DESCRIPTION OF THE TASK:
Transcribe the entries below exactly, starting with the line that has "Il triste rimane" and stopping after the line that has "Crochet Cotton Lace"; no pictures belong in the copy.

DATA EXCERPTS:
========

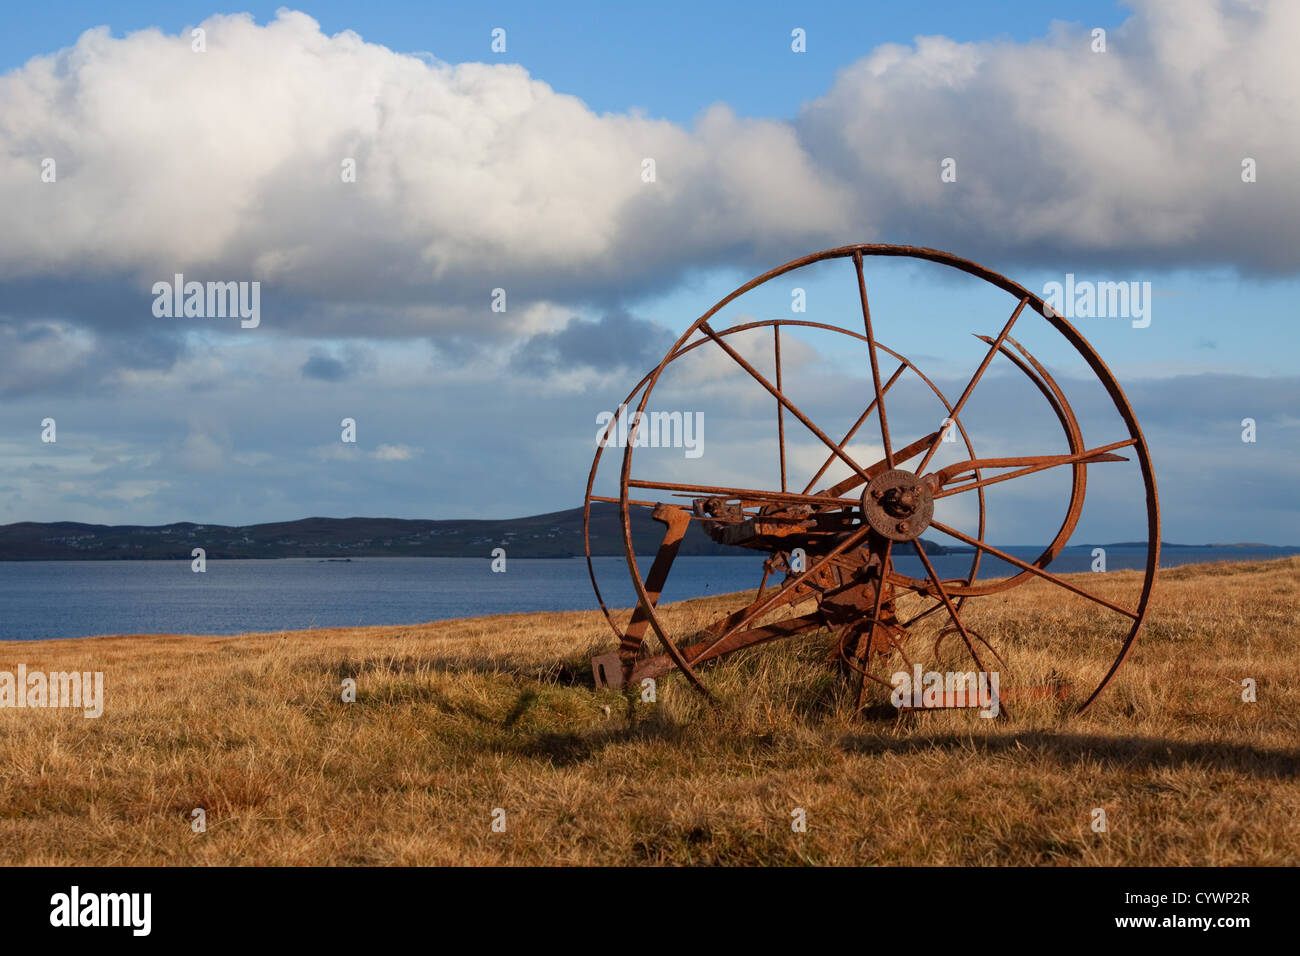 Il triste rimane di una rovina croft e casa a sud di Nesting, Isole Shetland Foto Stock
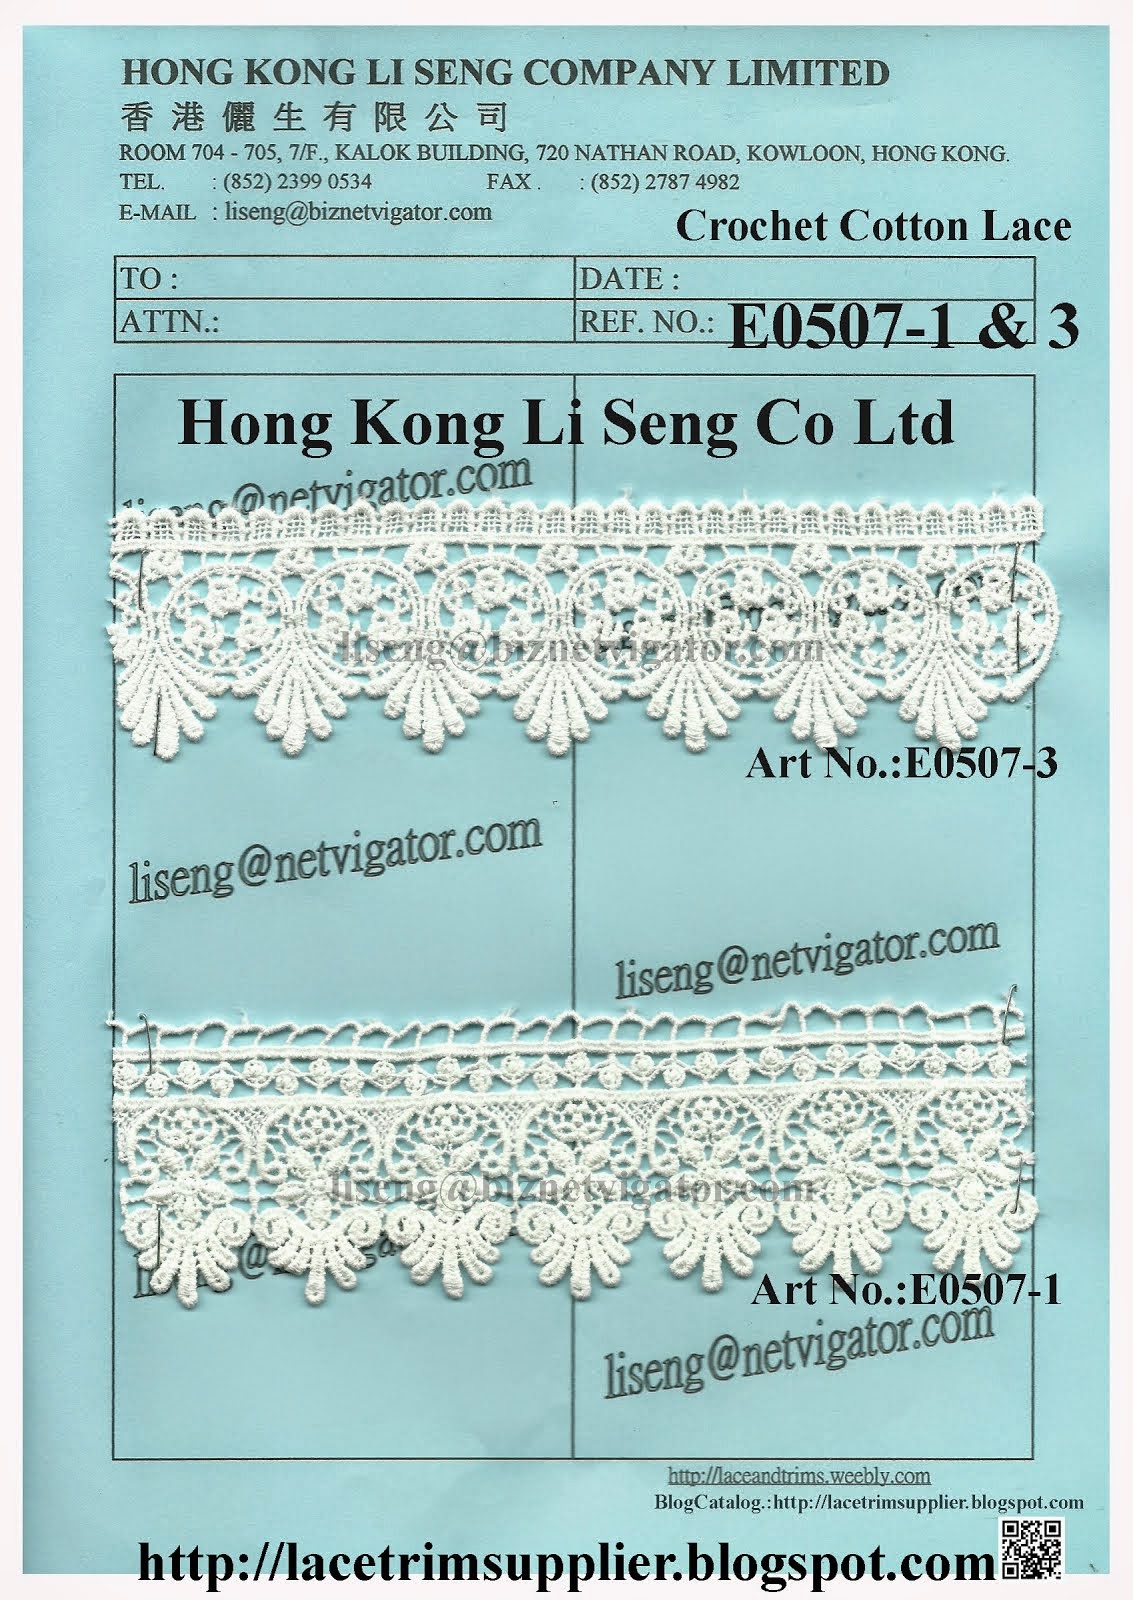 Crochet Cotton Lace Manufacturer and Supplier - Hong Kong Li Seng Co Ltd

========

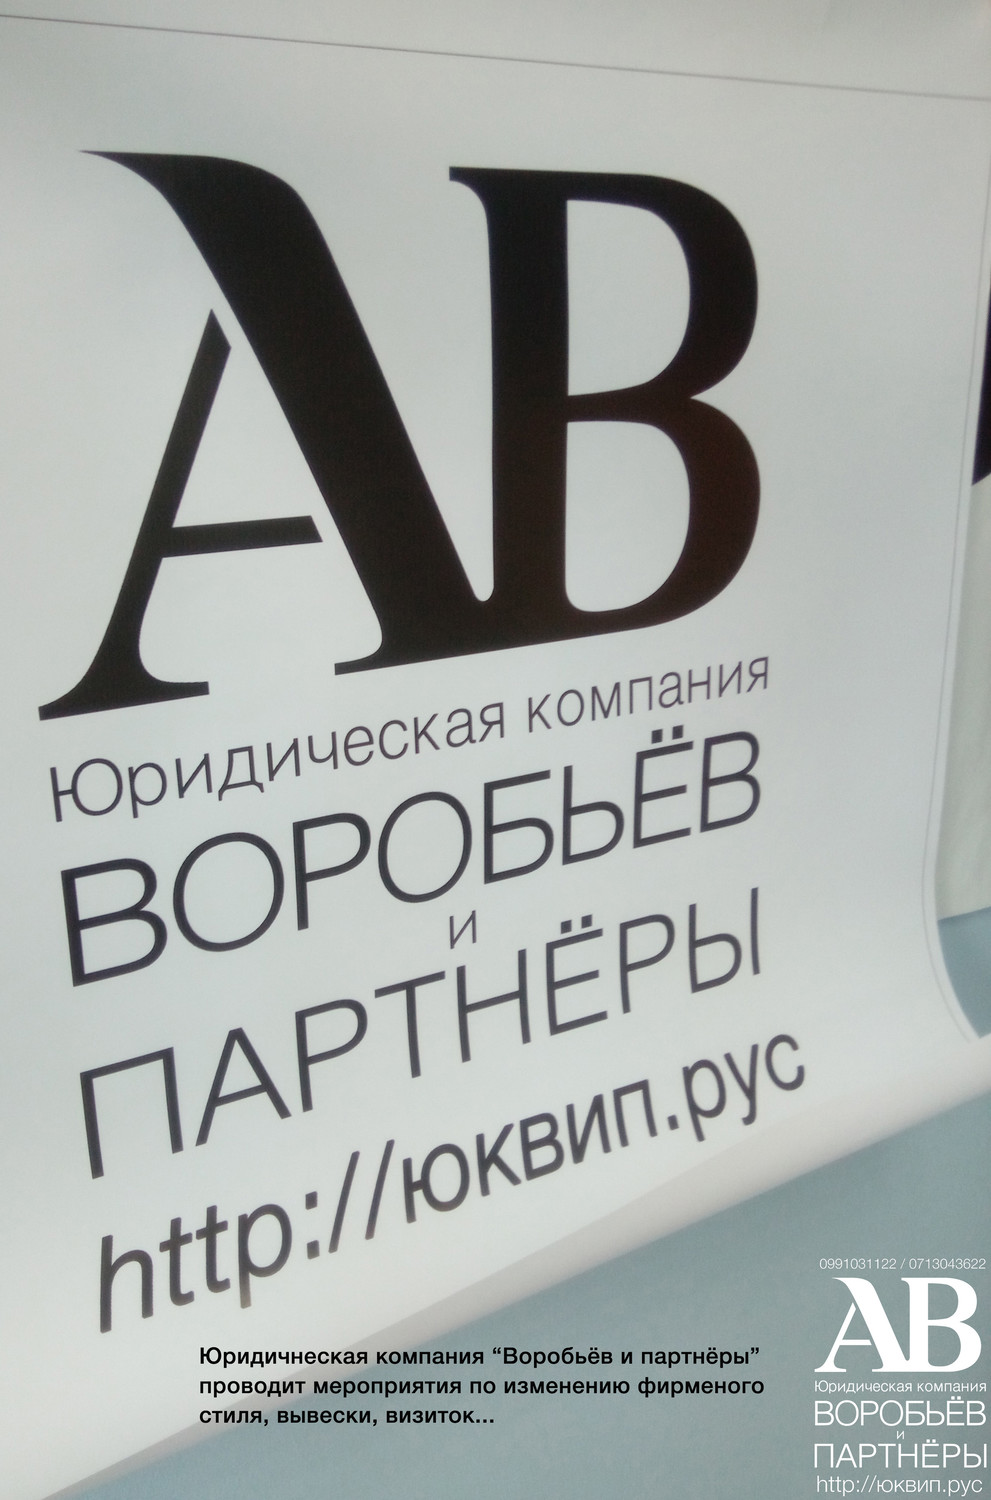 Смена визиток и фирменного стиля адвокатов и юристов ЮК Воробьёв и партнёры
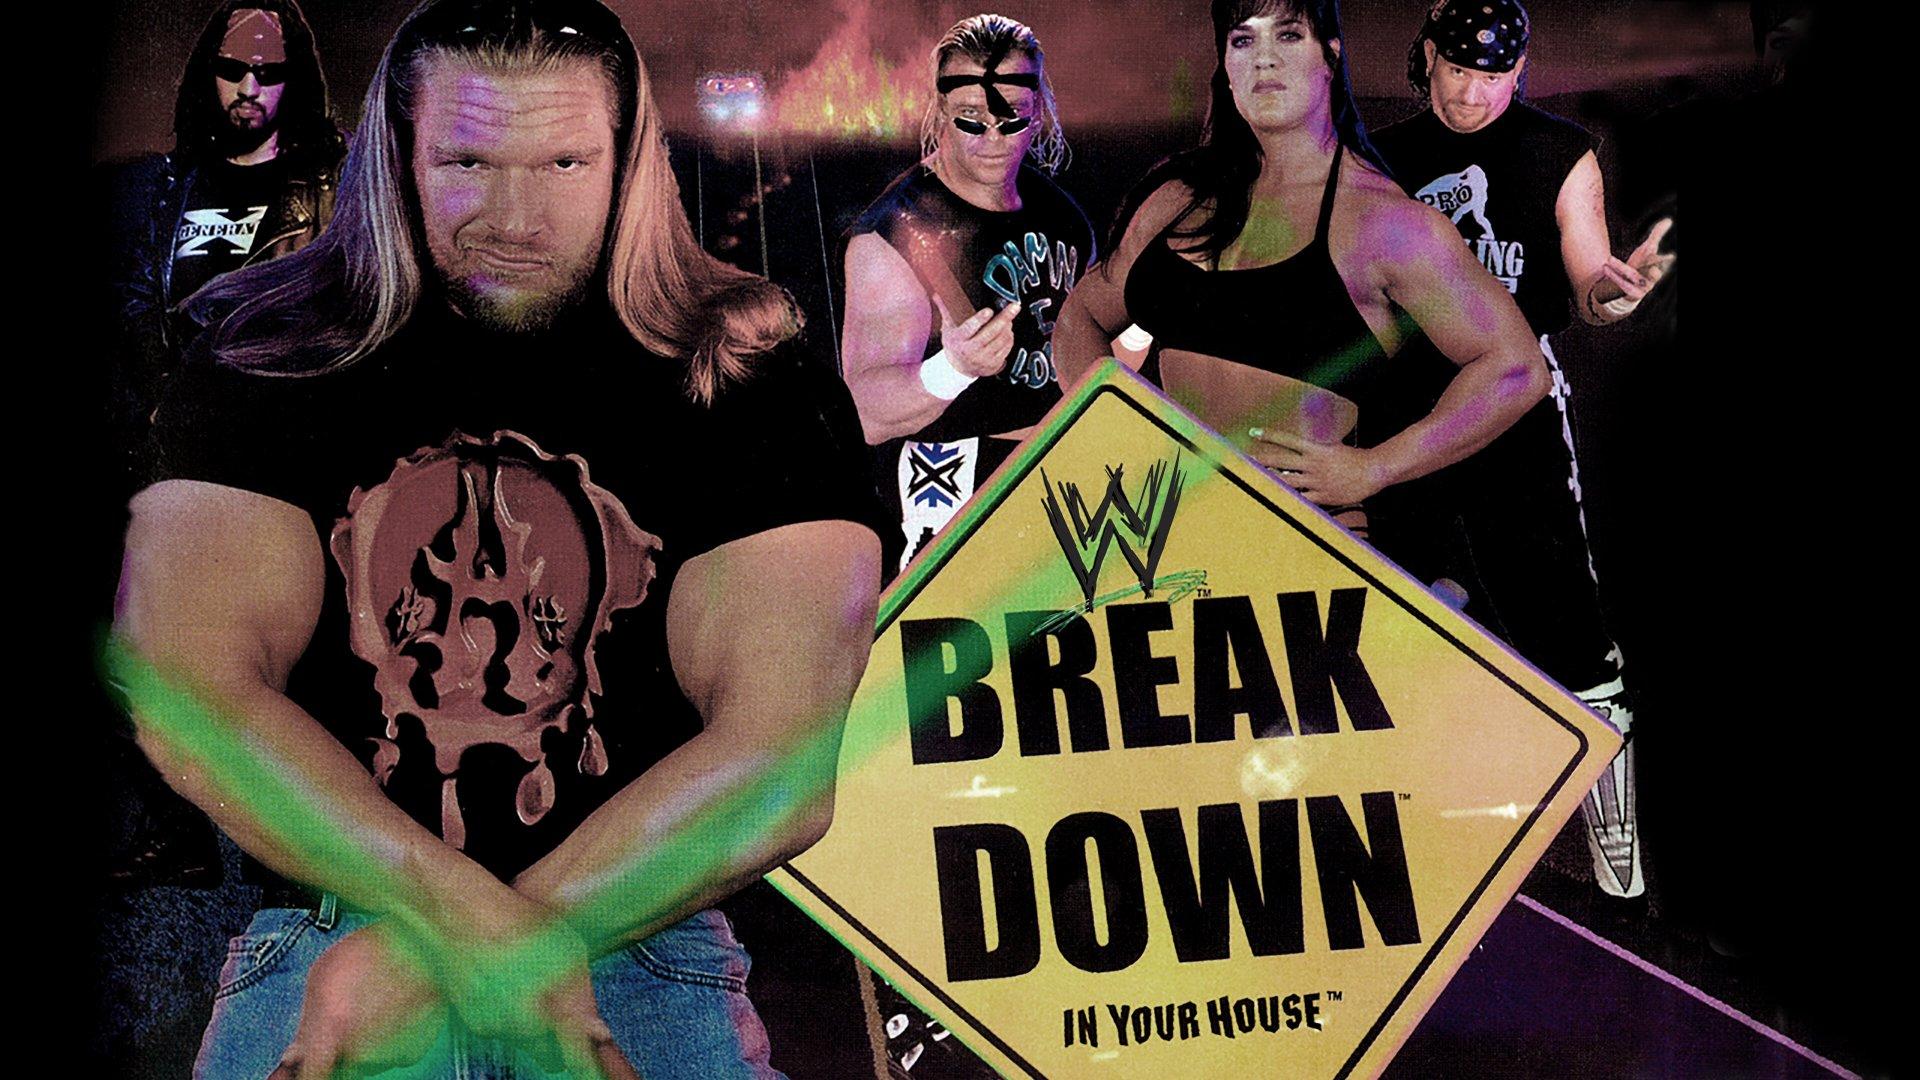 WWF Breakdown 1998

========

RESPONSE:
 Il triste rimane di una rovina croft e casa a sud di Nesting, Isole Shetland Foto Stock
 Crochet Cotton Lace Manufacturer and Supplier - Hong Kong Li Seng Co Ltd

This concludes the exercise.